– Да, Великий Магистр, – подтвердил Таури. – Я полагаю, что смогу лучше распорядиться наследием нашего рода…
– Мерзавец! – услышал Герберт тихий, но звонкий голос девушки. – Я… мы ведь… родственники!
– Ты совершенно права, – обернулся к ней Герберт с улыбкой. Девчонка и ее тихий решительный голос вызвали у него симпатию. – Только мерзавец – это слишком приличное слово. Вероятно, ты хорошо воспитана, юная аристократка? Твой род уходит корнями в глубокую древность и славится своей голубой кровью. Твоя мать просто не могла дать тебе недостаточно хорошее воспитание. А я бы выразился по-другому. Твой дядя – гнилой отросток в вашем роду. Ублюдок, подонок, низкая тварь. Вы согласны со мной, мессер Таури? – Герберт с насмешкой обернулся к дядюшке. Это была последняя проверка. Если Грамс не оскорбится данными ему эпитетами, то он безнадежен.
Участь стать бесплодной, но великой волшебницей для девчонки намного лучше всего, что еще может придумать этот жирный гад.
– Полностью, Великий Магистр, – склонил голову Грамс. – Позвольте узнать, помешает ли это нам заключить сделку?
Герберт усмехнулся.
– Я должен проверить девушку.
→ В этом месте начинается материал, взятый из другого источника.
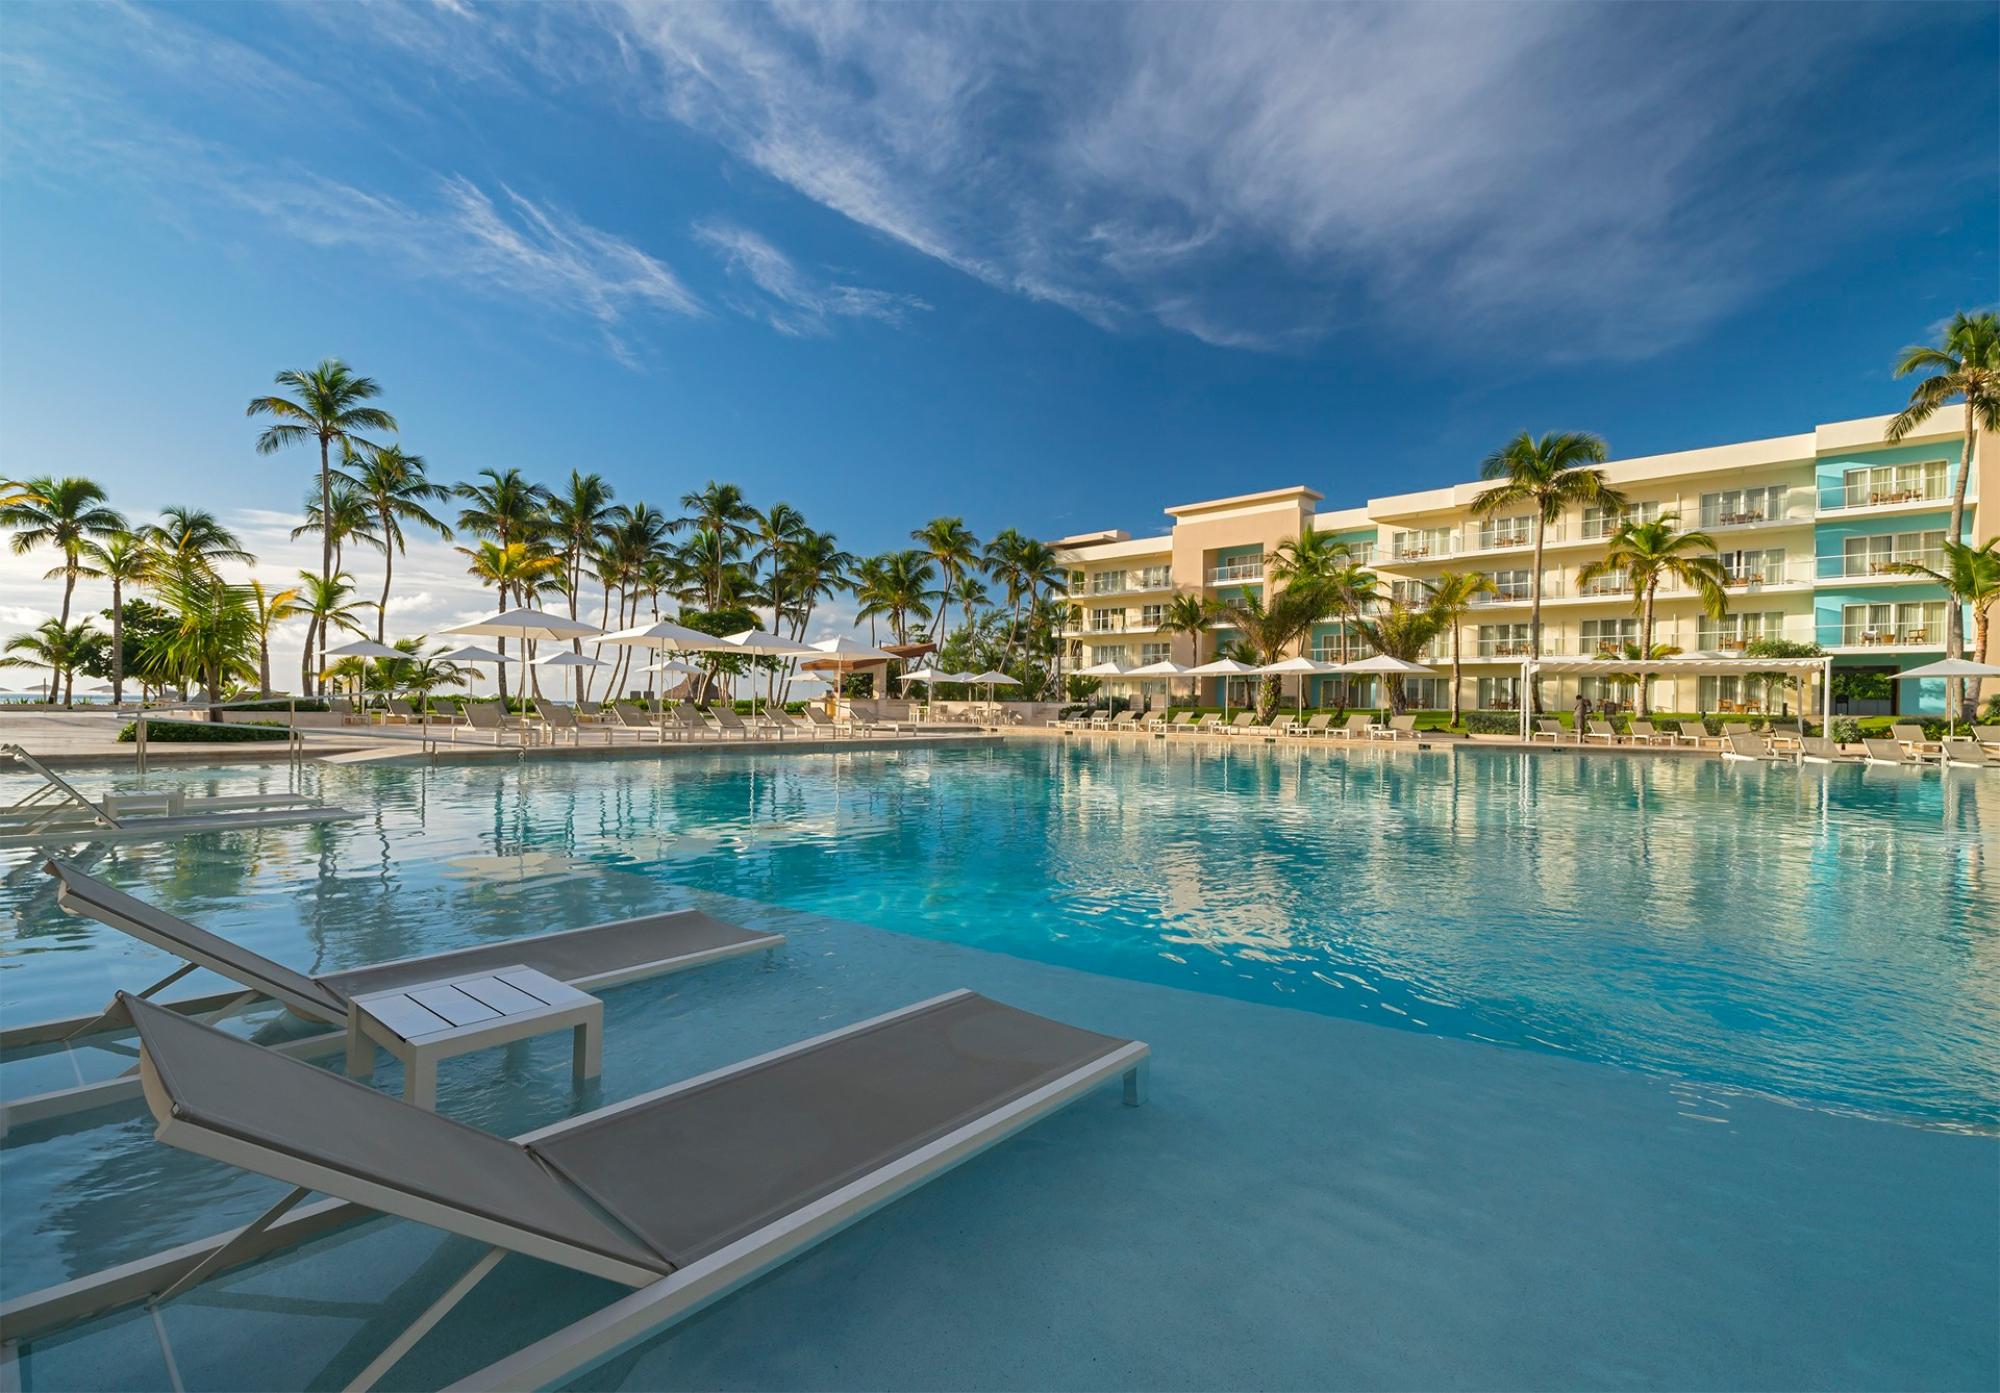 View The Westin Puntacana Resort  Club's lovely main pool in magnificent Dominican Republic.

Выйдите.
– Но…
– Выйдите немедленно.
На самом деле Герберту хотелось как можно скорее избавиться от мерзавца и остаться с девочкой наедине. Окончательно понять, что она из себя представляет.
А еще говорить с ней наедине будет просто приятно… Возможно, у нее даже есть зачатки ума. Хоть сложно ожидать этого от такой юной девицы.
* * *
Несмотря на страх остаться наедине с могущественным и опасным ректором, Эдиан была рада, когда дядя вышел. Ей хотелось скорее избавиться от этого невыносимо низкого, мерзкого существа. Теперь она ощущала к нему лишь презрение.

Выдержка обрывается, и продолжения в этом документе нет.